Hoffman contrasts that with direct cinema, which is “more observational, following a character who has something unresolved.” To her, “Three Days in Mexico” fits that definition, whether the unresolved issue is an electrical storm or something, some want or need, in Spears’s interior life.
It was “weird,” she says, for a progressive documentary filmmaker to get hired to do a Britney Spears road movie that essentially dropped off the map after the 2002 photo albums were shipped and sold and then forgotten.
“It was certainly out of keeping (with) the marketing tool they might’ve wanted,” Hoffman says of her film. I was paid well for it, and then it went away. And that was it, until suddenly, all these years later, the #FreeBritney movement starts, and The New York Times movie comes out (“Framing Britney Spears,” about Spears’s highly controversial conservatorship and her struggle to regain control of her career). All of a sudden, the film I did in 2002 was being talked about again. I did watch the (other) film. I thought it was OK. It clearly lacked Britney. And it was clearly advocacy journalism, made for TV.”
There’s one scene in her own Spears film that sticks with her. “She’s in the hotel room, ordering corn chowder. And she sits there, eating it, alone. The room service guy asks her to sign the bill, though it’s pretty clear he knows who she is, and she doesn’t really need to sign for it.
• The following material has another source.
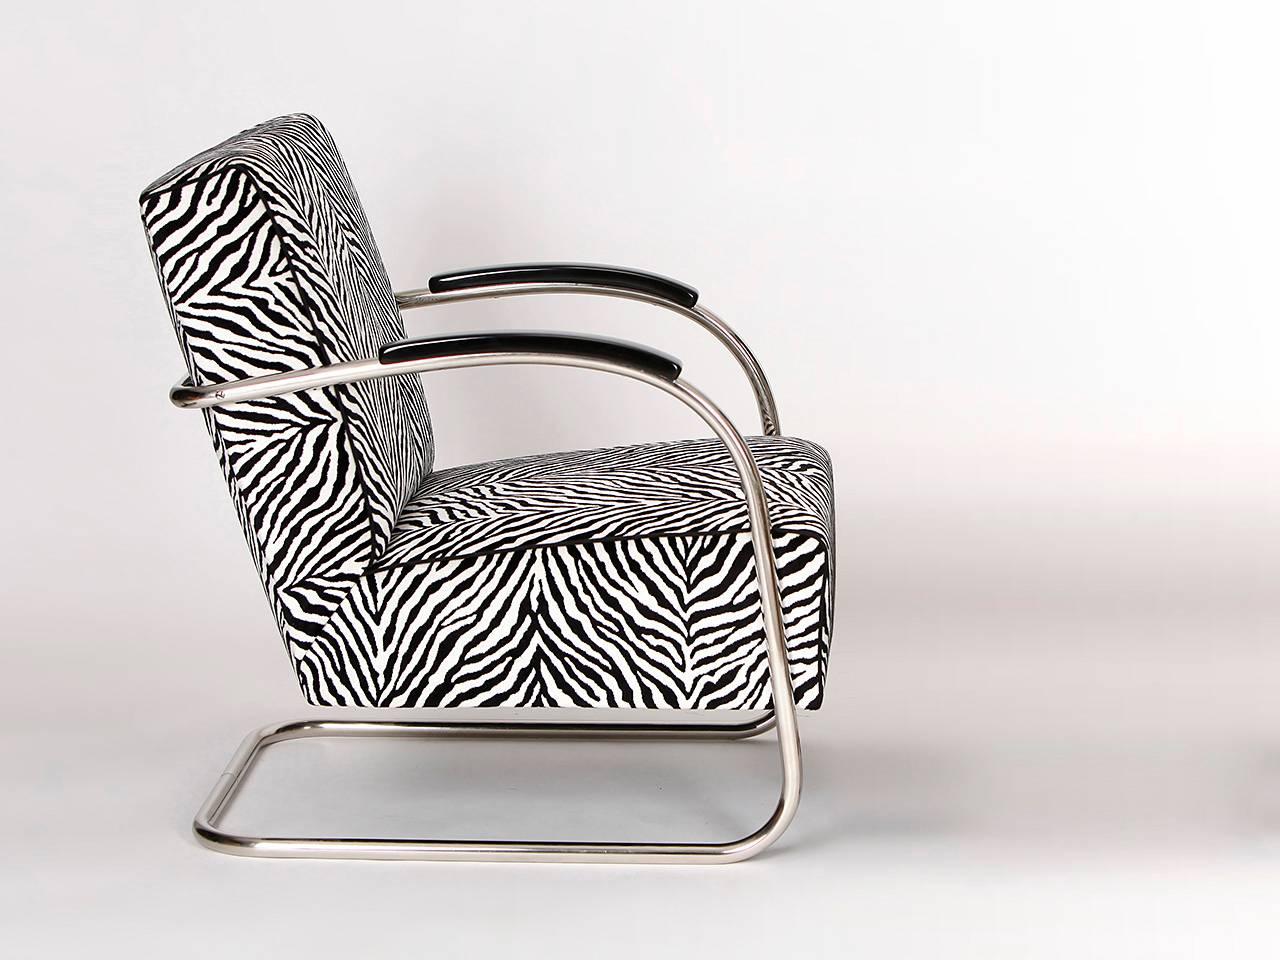 Armchairs with tubular steel frames from the 1930s. Manufactured by Mücke & Melder, Frystat in former Czechoslovakia. Completely restored with new springs. Armrests have a black lacquered finish. Reupholstered in Zebra print by English fabric

And then she’s alone. That kind of loneliness — that was so sad to me.”
But “I also wanted to make sure we showed what a hard worker she is,” Hoffman says. “I wanted to show the sheer labor involved with performance. Brit was just so dedicated to this whole constructed world, built for her and around her.”
Where to watch: ‘Stages: Three Days in Mexico,’ screening and discussion with director Judy Hoffman and National Public Radio cultural correspondent Neda Ulaby, 7 p.m. Thursday April 8 at twitch.tv/filmstudiescenter. A Twitch account is not required to watch the film or the discussion. Presented by University of Chicago Film Studies Center, Department of Cinema and Media Studies. Free.
Michael Phillips is a Tribune critic.